* Exercise *
Please give back the listing exactly, without any of its pictures.

* Supplied data *
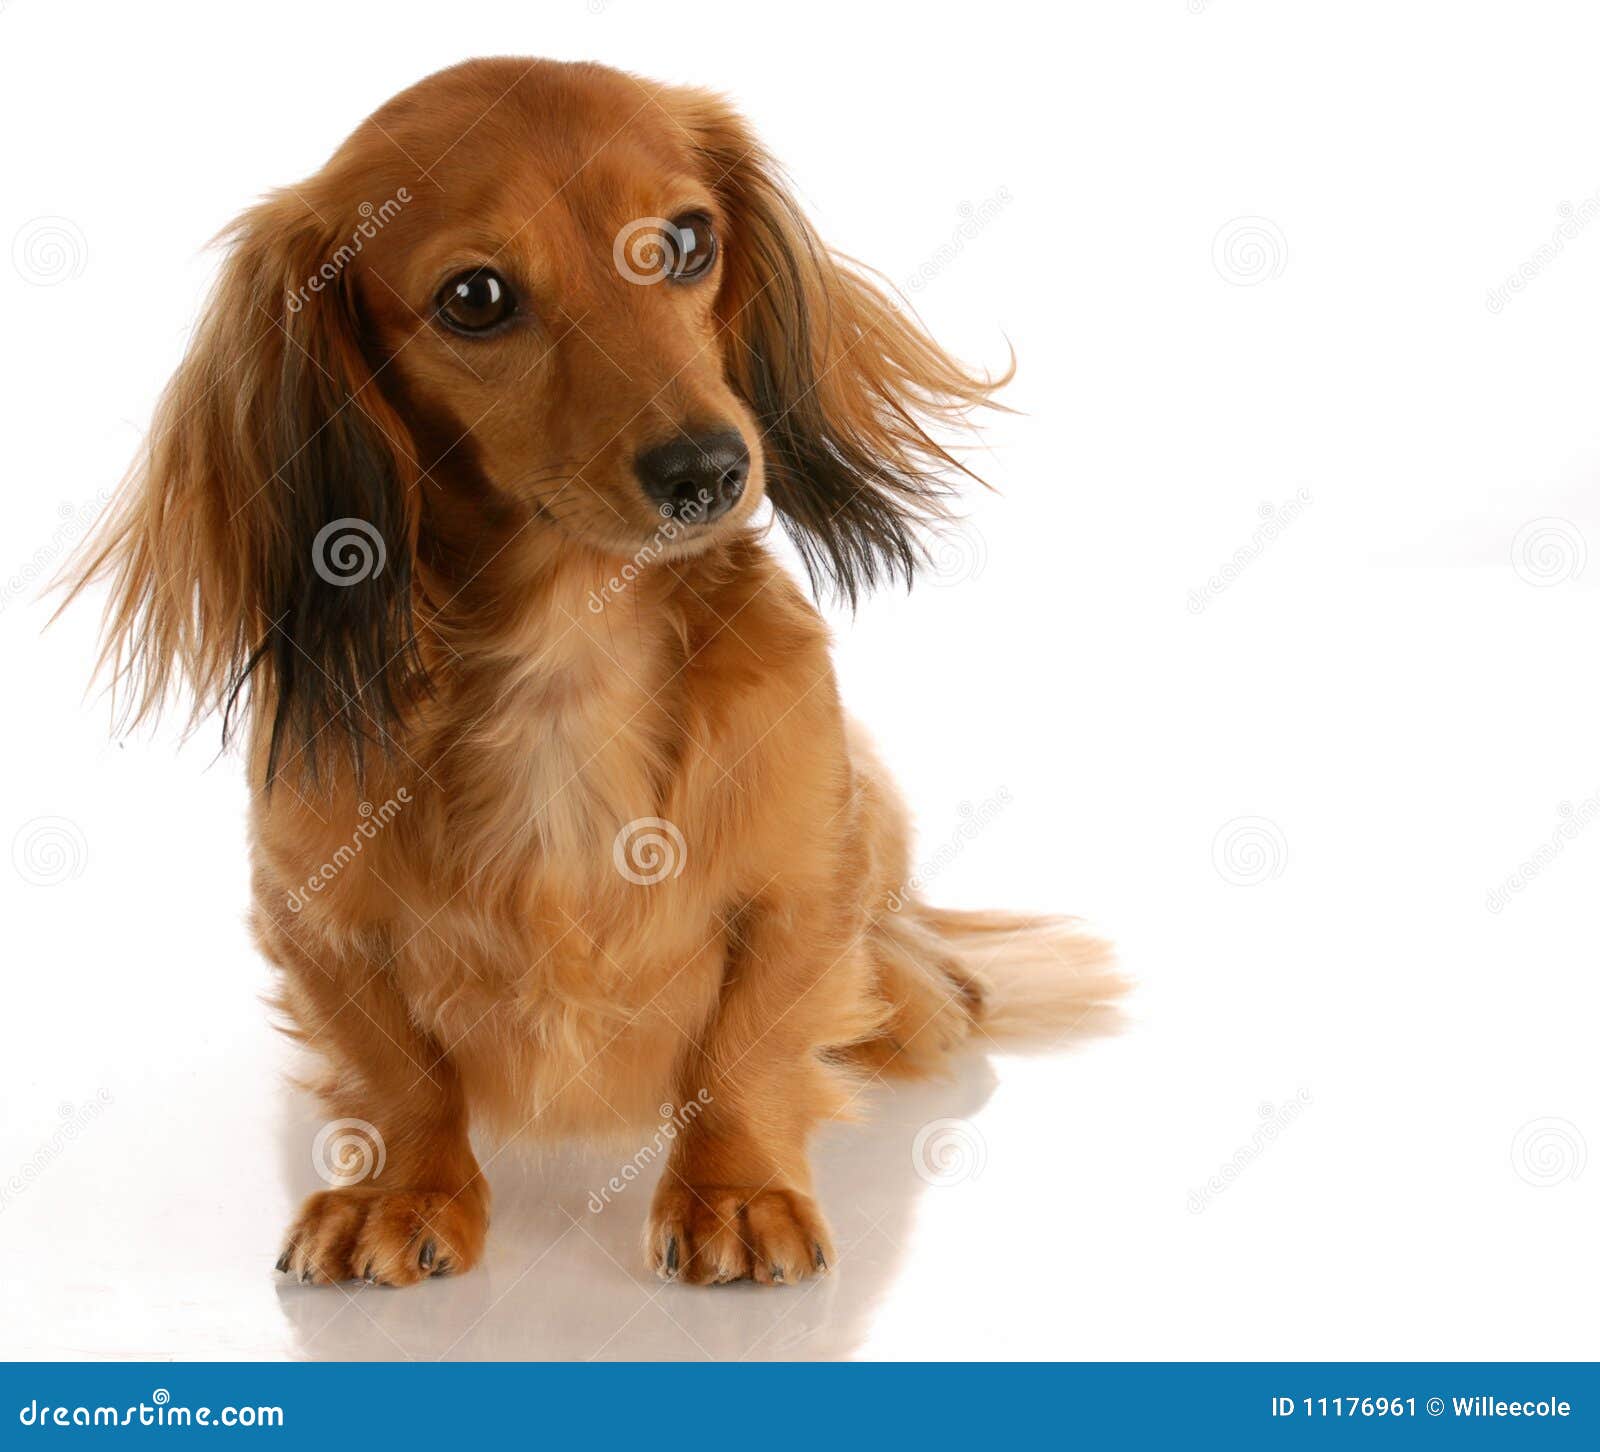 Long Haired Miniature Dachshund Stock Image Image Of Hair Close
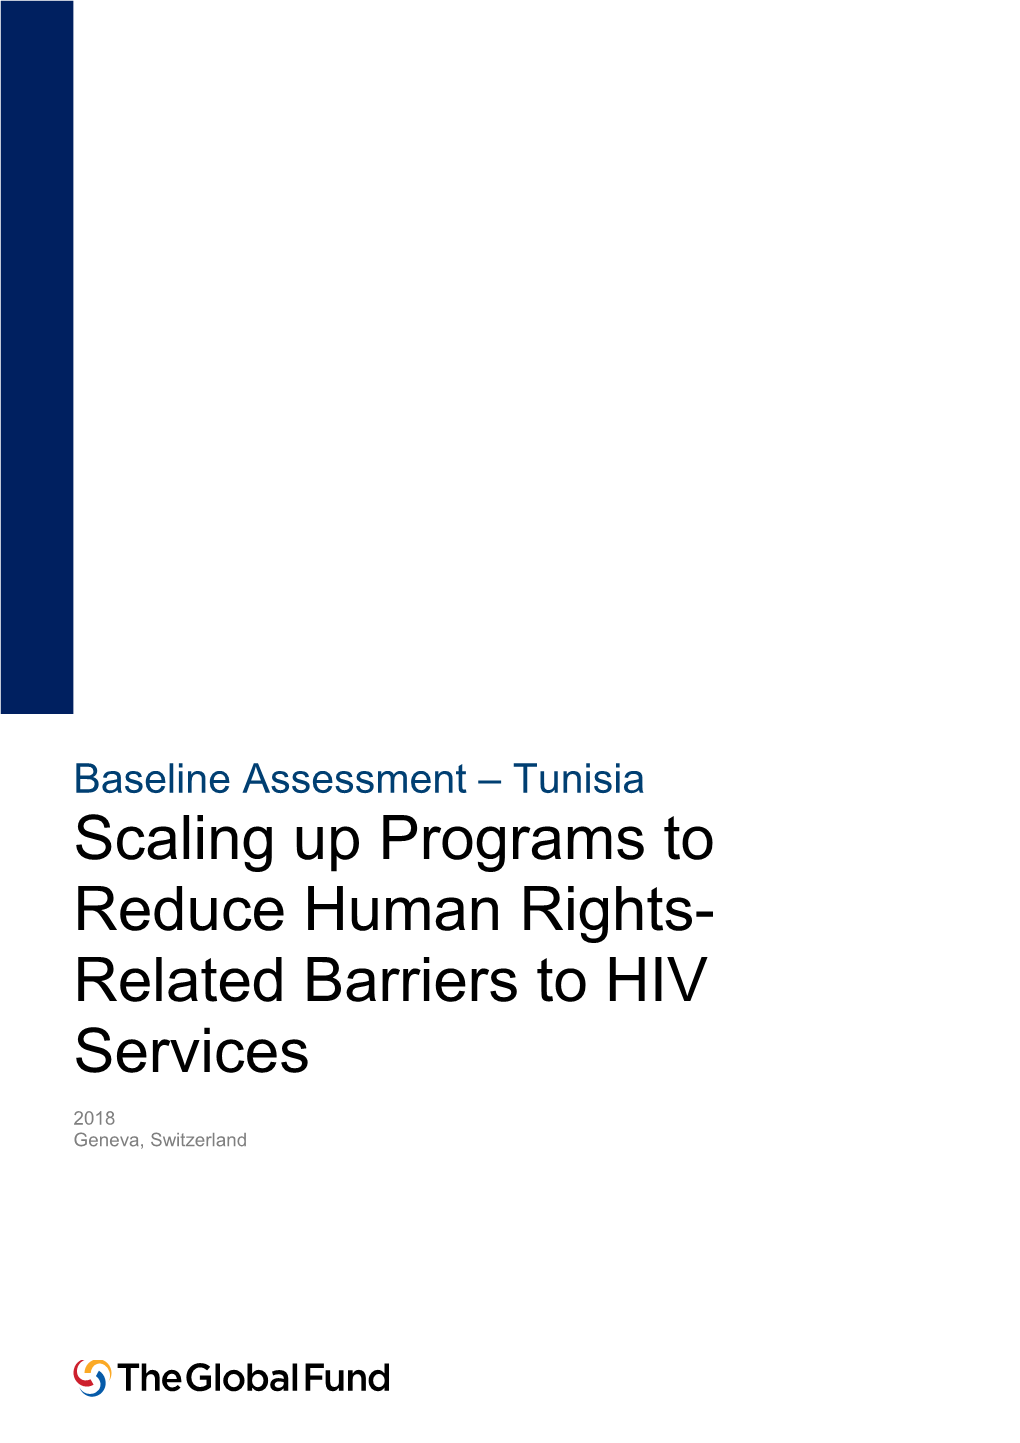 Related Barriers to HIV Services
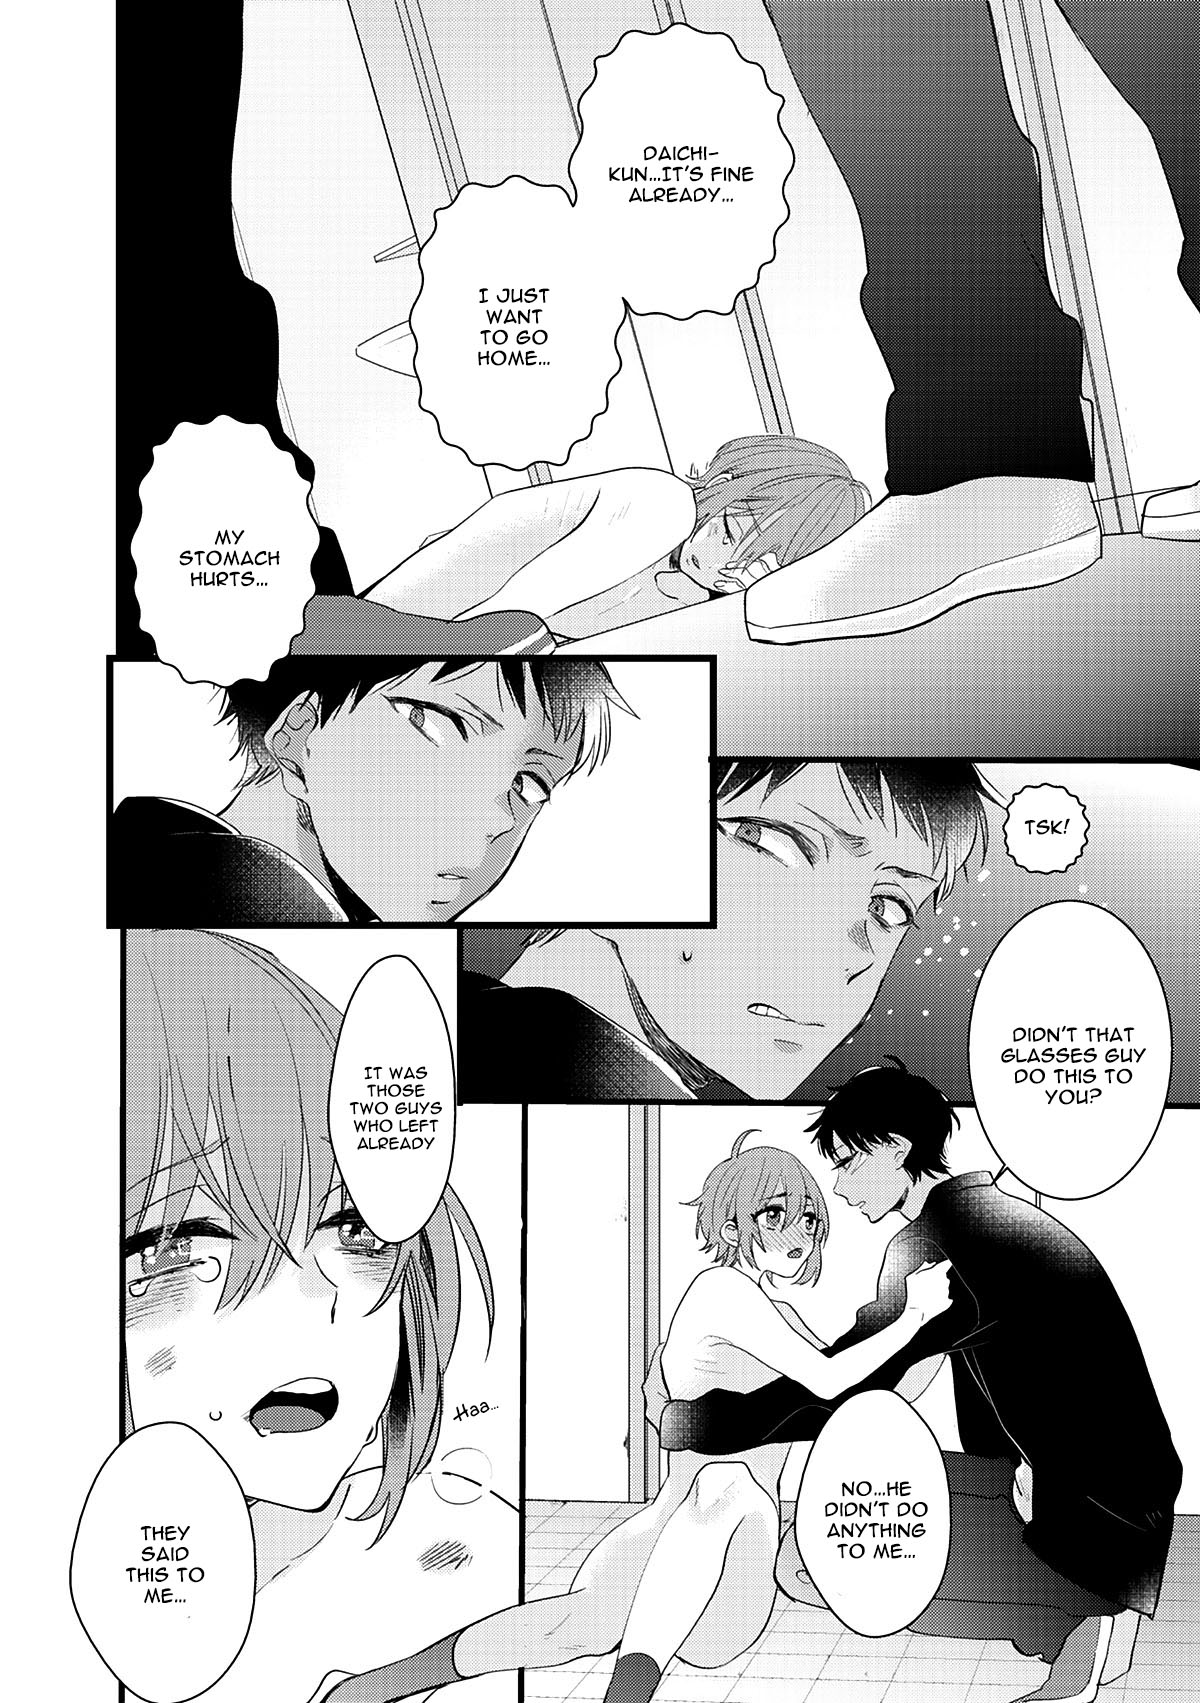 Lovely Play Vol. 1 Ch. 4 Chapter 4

* Output for this task *
 Long Haired Miniature Dachshund Stock Image Image Of Hair Close
 Related Barriers to HIV Services
 Lovely Play Vol. 1 Ch. 4 Chapter 4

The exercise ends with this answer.